Все это случилось с моим отцом. У него не было никакой явной болезни, когда он умер — никаких структурных изменений; его сон и пищеварение были бы вполне достаточны для жизни даже до самого конца; механизм был цел, но движущая сила исчезла — она была израсходована. Серебряная нить была не столько порвана, сколько ослаблена. Золотая чаша, кувшин у источника, колесо у цистерны были не столько разбиты, сколько опустошены и остановлены. Часы остановились раньше времени, и не было никого, кроме Того, Кто первым завел их и поставил, кто мог бы завести их снова; и Он этого не делает, потому что это Его закон — прямое повеление от Него — что, отмерив Своим созданиям каждому свою меру жизни и оставив его на свободу его собственной воли и регулирование его разума, Он также оставляет его пожинать то, что он посеял.

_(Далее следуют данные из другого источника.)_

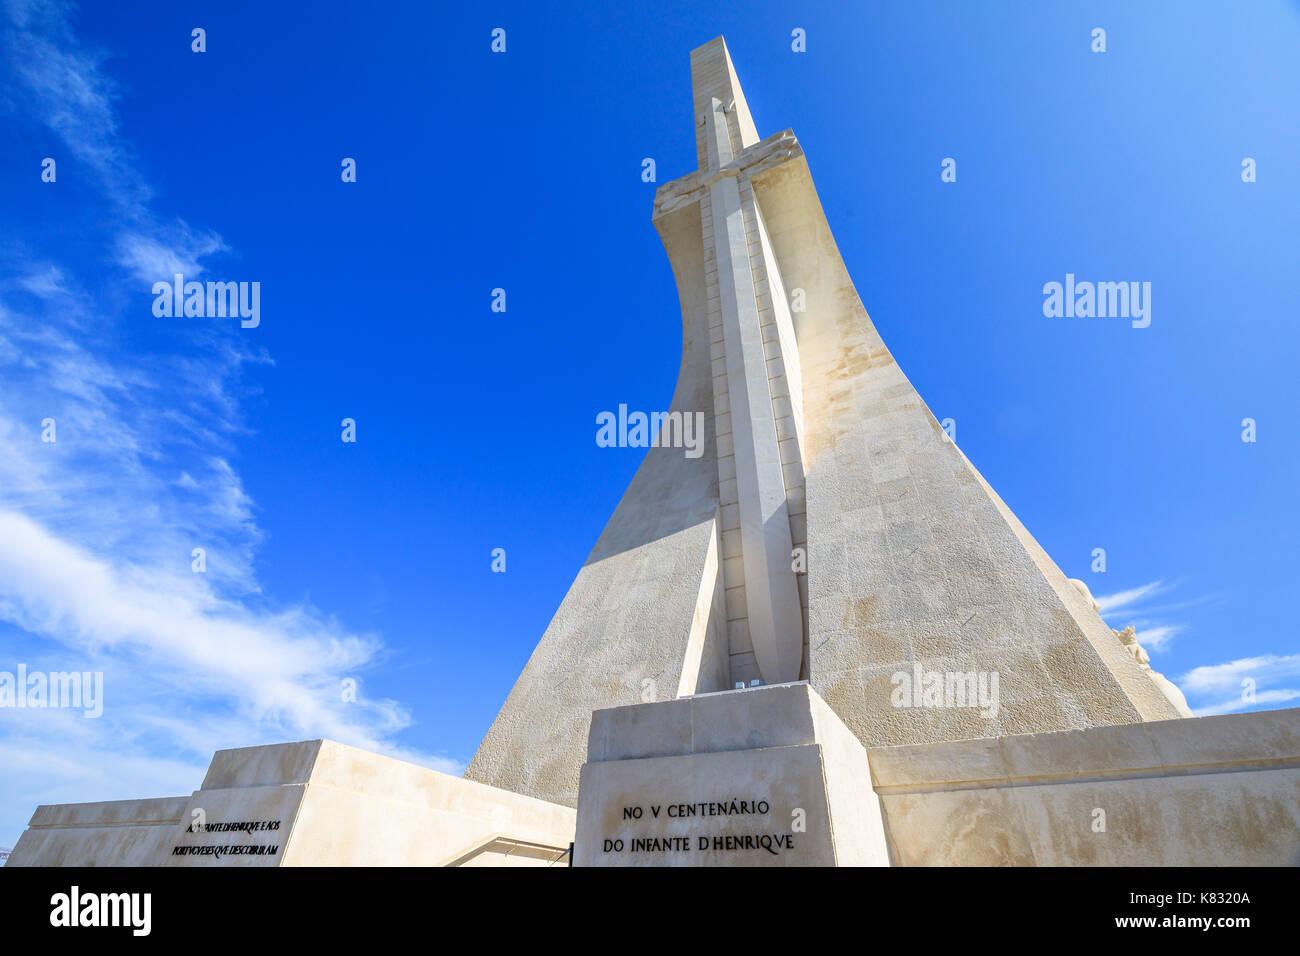 Discoveries Monument Lisbon - Stock Image

Таким образом, болезнь моего отца была не столько болезнью, сколько долгой смертью; жизнь угасала, сознание оставалось полным, неизбежный исход никогда не уходил из виду. Это для человека с организацией моего отца — с острым вкусом к жизни, ее высшим удовольствиям и энергиям, чувствительного к нетерпению, а затем сверхчувствительного к собственному нетерпению; уязвленного в самое сердце долгим наблюдением и страданиями тех, кого он любил, которые, в конце концов, могли так мало сделать для него; с нервной системой, легко приходящей в упадок, и своим сильным воздействием на его ум, омрачающей и печалящей его самые сокровенные убеждения, расшатывающей его самые твердые принципы, терзающей и ужасающей его нежнейшие привязанности: его ум свободен и ясен, готов к действию, если бы у него была сила, стремящийся быть на своем месте в работе мира и своего Хозяина, — провести два долгих года на этой постоянно спускающейся дороге — вот сочетание положительного и отрицательного страдания, о котором нельзя думать даже сейчас, когда все это погружено в ту «преизбыточную вечную славу».